The sentence-transformers library on Hugging Face, maintained by Nils Reimers and the SBERT team, hosts hundreds of pre-trained models. Notable families include all-MiniLM-L6-v2, a compact 22M-parameter model offering strong performance with low latency; all-mpnet-base-v2, a higher-quality 109M-parameter model; and multi-qa and multi-lingual variants that support retrieval across multiple languages.

Several commercial embedding APIs provide sentence transformer functionality as a managed service. OpenAI's text-embedding-3 series, Cohere Embed, Google's Gecko and Gemini embeddings, and Voyage AI all expose embedding endpoints. These APIs offer convenience and high-quality multilingual coverage at the cost of data egress and per-token pricing.

Applications

Semantic search and hybrid search pipelines use sentence transformers as the dense retrieval component, encoding both queries and corpus documents into a shared embedding space and retrieving the most similar documents by approximate nearest-neighbour search in a vector database such as Pinecone, Weaviate, or Qdrant.

Retrieval-augmented generation (RAG) systems rely on sentence transformers to embed knowledge base chunks and retrieve the most relevant passages to include in the LLM prompt. The quality of the embedding model is a primary determinant of RAG system accuracy.

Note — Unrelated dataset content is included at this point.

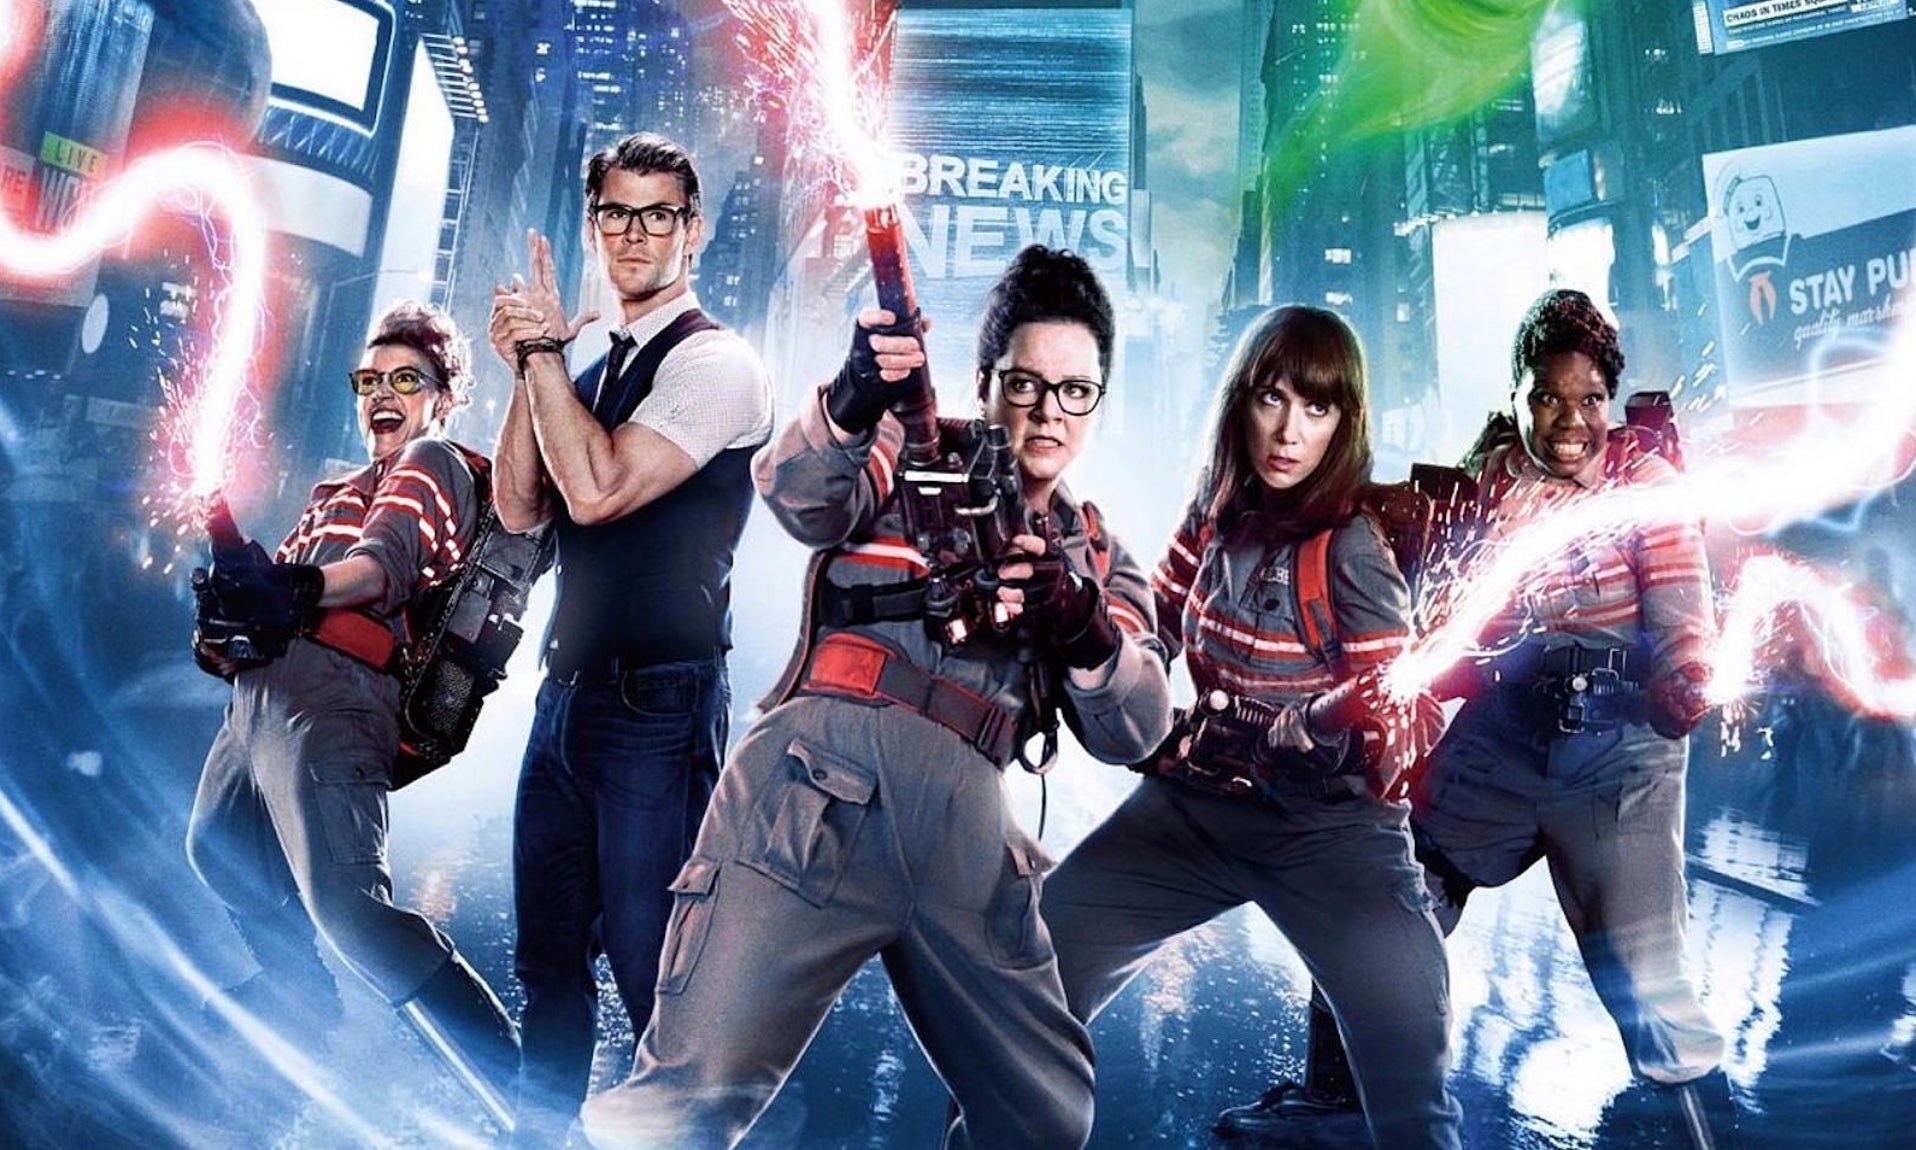 Ghostbusters: Answer the Call (Image: Sony)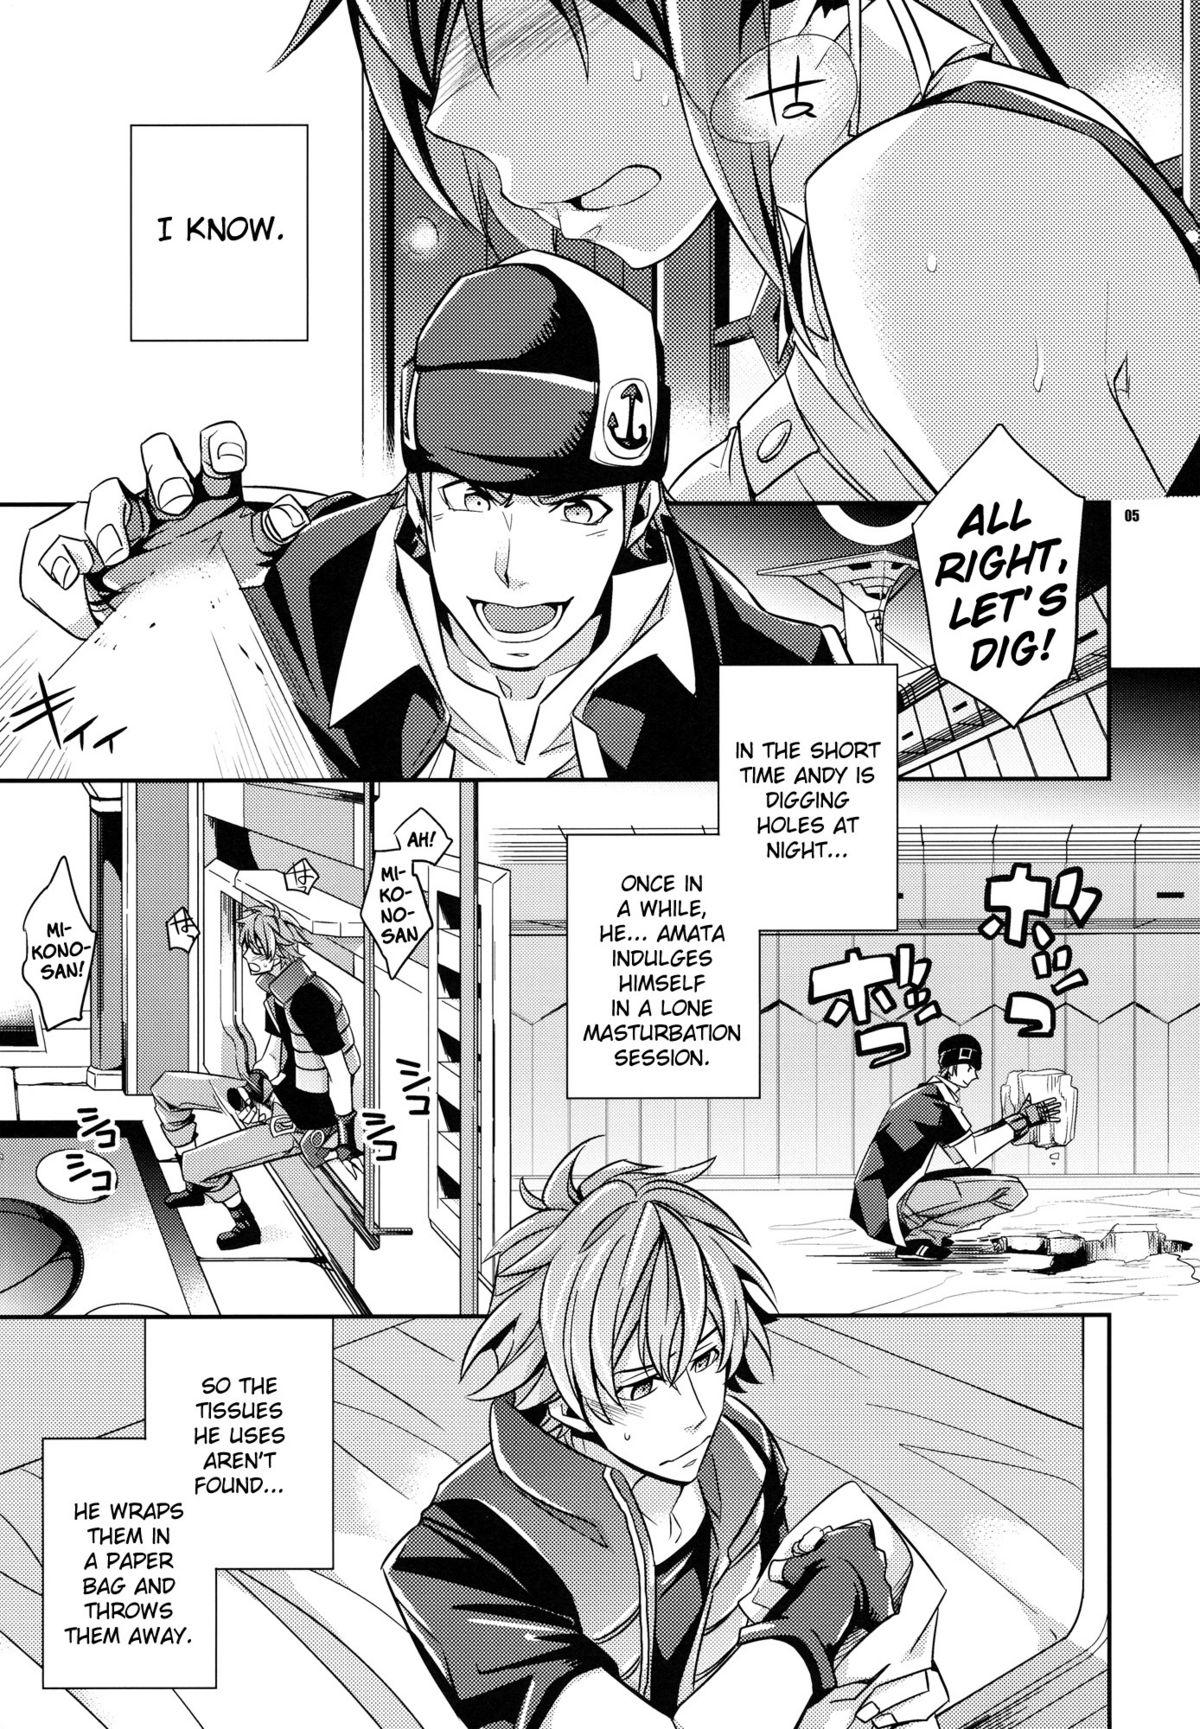 Dirty Talk Zessica no Koufukuron | Zessica's Theory of Happiness - Aquarion evol Blow - Page 3

Duplicate detection and question deduplication in customer support or forum systems use sentence transformer embeddings to cluster similar queries, routing duplicates to existing answers. Cross-lingual semantic search uses multilingual sentence transformers to retrieve documents in a different language from the query language, useful in multilingual document collections.

Evaluation

The primary evaluation benchmark for sentence transformers is the Semantic Textual Similarity (STS) suite, which measures Spearman correlation between model-predicted similarity scores and human annotations. The MTEB (Massive Text Embedding Benchmark) provides a more comprehensive evaluation across retrieval, clustering, classification, and STS tasks in over 50 languages.

See Also

References

  1. Reimers, N., & Gurevych, I. (2019). Sentence-BERT: Sentence Embeddings using Siamese BERT-Networks. Proceedings of EMNLP 2019.
  2. Feng, F., et al. (2022). Language-agnostic BERT Sentence Embedding. Proceedings of ACL 2022.
  3. Muennighoff, N., et al. (2023). MTEB: Massive Text Embedding Benchmark. Proceedings of EACL 2023.
  4. Gao, T., Yao, X., & Chen, D. (2021). SimCSE: Simple Contrastive Learning of Sentence Embeddings. Proceedings of EMNLP 2021.
  5. Wang, L., et al. (2024). Text Embeddings by Weakly-Supervised Contrastive Pre-training. arXiv:2212.03533.